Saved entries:
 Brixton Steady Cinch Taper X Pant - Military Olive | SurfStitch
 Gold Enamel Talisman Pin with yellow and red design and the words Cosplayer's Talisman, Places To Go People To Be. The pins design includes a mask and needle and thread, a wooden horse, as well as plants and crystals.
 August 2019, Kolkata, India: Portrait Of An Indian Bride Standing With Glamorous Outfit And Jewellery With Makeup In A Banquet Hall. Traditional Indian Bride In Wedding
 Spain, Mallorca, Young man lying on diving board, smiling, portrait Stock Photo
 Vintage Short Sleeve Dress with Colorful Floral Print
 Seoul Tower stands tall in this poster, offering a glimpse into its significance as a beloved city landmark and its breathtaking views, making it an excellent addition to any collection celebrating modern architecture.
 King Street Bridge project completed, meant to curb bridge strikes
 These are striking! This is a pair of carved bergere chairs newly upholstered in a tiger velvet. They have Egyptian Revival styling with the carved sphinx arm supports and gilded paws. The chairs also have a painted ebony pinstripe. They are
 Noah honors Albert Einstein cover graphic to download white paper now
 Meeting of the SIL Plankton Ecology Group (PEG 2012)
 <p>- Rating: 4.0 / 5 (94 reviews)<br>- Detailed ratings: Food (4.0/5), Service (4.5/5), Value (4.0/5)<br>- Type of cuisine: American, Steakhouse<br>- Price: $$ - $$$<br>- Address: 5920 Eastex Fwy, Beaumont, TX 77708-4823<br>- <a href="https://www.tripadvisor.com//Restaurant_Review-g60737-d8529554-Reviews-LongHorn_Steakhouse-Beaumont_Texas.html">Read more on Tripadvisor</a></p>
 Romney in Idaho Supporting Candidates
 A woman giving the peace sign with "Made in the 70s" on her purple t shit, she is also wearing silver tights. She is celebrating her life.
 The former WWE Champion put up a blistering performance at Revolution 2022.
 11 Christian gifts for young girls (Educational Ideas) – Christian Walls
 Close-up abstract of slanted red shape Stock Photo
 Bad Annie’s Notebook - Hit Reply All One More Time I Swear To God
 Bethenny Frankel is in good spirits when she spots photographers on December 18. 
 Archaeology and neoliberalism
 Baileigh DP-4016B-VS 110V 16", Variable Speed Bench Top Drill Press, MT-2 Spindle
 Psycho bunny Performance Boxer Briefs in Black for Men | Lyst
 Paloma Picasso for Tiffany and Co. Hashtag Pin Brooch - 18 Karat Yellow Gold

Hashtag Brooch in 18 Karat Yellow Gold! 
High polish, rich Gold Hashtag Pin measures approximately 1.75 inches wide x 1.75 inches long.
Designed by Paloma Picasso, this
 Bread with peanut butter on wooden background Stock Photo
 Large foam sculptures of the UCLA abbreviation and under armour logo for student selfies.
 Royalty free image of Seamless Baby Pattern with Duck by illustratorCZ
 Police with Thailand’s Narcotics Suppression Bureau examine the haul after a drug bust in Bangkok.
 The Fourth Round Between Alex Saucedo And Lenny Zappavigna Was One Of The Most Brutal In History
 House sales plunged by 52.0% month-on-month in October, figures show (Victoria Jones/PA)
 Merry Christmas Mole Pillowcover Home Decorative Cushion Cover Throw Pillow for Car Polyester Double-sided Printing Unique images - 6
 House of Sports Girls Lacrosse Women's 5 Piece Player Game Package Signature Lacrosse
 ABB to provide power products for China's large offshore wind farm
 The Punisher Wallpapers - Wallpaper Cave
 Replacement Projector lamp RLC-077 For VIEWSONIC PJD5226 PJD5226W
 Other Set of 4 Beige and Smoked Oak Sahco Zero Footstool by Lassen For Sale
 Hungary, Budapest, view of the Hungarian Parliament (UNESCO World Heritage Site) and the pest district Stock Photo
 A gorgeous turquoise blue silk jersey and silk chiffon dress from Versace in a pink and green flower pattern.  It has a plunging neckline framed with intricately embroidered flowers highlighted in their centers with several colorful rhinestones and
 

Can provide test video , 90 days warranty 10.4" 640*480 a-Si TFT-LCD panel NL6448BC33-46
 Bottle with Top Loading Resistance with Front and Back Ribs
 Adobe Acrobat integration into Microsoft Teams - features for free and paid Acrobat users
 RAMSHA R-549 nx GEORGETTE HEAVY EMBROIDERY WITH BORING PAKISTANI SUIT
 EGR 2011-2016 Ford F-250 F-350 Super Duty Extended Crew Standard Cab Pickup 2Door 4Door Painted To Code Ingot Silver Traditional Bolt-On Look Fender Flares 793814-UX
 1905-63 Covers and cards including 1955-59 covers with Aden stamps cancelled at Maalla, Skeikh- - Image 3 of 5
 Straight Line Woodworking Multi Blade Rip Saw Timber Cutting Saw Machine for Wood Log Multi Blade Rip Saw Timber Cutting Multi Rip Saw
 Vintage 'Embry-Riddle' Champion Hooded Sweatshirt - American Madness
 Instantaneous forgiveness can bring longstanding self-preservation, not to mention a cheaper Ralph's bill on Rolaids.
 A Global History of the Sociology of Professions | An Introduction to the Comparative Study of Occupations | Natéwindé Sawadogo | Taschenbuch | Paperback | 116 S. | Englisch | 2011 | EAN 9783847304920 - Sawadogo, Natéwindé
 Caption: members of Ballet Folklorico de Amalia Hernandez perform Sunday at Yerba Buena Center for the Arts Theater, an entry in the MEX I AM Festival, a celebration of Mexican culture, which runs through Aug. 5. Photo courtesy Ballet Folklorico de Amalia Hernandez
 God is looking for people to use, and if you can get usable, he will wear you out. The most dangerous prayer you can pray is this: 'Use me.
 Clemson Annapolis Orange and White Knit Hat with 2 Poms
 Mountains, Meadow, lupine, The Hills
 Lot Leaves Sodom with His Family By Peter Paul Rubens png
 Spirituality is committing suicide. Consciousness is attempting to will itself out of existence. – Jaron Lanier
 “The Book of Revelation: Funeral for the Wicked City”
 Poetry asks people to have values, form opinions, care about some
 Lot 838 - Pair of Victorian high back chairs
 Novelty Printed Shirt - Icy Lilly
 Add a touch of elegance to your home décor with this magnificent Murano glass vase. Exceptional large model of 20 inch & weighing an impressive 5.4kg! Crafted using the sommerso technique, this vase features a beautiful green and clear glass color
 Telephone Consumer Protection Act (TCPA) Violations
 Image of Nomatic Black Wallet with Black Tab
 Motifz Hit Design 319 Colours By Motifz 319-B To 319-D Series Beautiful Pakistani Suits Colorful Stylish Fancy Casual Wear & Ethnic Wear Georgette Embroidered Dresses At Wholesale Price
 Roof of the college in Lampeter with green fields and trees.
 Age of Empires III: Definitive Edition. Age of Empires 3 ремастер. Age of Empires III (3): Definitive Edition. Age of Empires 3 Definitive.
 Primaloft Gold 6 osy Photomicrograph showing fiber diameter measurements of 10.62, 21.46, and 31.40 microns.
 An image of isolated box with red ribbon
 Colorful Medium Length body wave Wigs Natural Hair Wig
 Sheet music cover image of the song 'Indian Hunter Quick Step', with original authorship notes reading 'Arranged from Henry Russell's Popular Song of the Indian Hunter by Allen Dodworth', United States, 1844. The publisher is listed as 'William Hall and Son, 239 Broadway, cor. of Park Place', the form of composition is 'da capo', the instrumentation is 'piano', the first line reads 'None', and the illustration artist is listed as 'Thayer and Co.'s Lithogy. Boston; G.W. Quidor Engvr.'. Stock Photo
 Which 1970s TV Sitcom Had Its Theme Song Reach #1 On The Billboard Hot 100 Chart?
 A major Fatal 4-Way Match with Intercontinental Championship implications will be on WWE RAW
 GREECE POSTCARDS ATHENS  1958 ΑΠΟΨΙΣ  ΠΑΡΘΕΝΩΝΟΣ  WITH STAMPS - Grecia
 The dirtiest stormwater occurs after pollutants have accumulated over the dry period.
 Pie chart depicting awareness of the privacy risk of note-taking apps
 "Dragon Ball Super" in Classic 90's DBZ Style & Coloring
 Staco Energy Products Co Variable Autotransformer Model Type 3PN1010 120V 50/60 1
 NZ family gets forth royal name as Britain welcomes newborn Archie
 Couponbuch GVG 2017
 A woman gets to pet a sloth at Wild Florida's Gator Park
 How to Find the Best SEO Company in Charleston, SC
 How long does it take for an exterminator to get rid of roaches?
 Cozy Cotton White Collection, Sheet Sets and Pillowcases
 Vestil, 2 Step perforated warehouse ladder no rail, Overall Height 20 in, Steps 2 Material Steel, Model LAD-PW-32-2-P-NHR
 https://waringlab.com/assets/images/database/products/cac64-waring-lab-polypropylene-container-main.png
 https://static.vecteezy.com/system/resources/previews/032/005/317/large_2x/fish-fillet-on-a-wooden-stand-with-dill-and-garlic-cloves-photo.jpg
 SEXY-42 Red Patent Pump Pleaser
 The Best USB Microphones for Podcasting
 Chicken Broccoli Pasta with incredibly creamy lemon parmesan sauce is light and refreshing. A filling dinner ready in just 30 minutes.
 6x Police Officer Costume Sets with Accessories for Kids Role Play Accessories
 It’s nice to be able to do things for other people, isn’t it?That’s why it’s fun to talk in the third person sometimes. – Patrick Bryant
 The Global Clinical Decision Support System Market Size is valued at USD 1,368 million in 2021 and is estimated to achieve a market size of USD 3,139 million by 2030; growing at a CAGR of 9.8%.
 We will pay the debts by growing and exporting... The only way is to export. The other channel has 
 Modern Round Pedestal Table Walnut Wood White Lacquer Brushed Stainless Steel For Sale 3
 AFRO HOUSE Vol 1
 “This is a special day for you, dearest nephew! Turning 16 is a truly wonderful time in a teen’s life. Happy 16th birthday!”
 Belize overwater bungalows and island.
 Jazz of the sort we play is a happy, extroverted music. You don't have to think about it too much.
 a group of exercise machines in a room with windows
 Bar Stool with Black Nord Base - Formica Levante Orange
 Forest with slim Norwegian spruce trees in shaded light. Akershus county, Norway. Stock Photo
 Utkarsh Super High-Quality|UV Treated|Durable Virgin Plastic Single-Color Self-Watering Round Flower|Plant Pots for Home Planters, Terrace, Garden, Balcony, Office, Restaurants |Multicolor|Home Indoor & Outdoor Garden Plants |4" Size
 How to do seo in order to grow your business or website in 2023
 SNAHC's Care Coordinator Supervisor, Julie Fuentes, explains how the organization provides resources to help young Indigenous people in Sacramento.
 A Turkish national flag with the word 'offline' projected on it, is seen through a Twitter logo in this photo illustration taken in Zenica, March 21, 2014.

Required action: Reproduce exactly the lines above from the line with "Romney in Idaho Supporting Candidates" to the line with "Baileigh DP-4016B-VS 110V", including both, and add nothing.

Task response:
 Romney in Idaho Supporting Candidates
 A woman giving the peace sign with "Made in the 70s" on her purple t shit, she is also wearing silver tights. She is celebrating her life.
 The former WWE Champion put up a blistering performance at Revolution 2022.
 11 Christian gifts for young girls (Educational Ideas) – Christian Walls
 Close-up abstract of slanted red shape Stock Photo
 Bad Annie’s Notebook - Hit Reply All One More Time I Swear To God
 Bethenny Frankel is in good spirits when she spots photographers on December 18. 
 Archaeology and neoliberalism
 Baileigh DP-4016B-VS 110V 16", Variable Speed Bench Top Drill Press, MT-2 Spindle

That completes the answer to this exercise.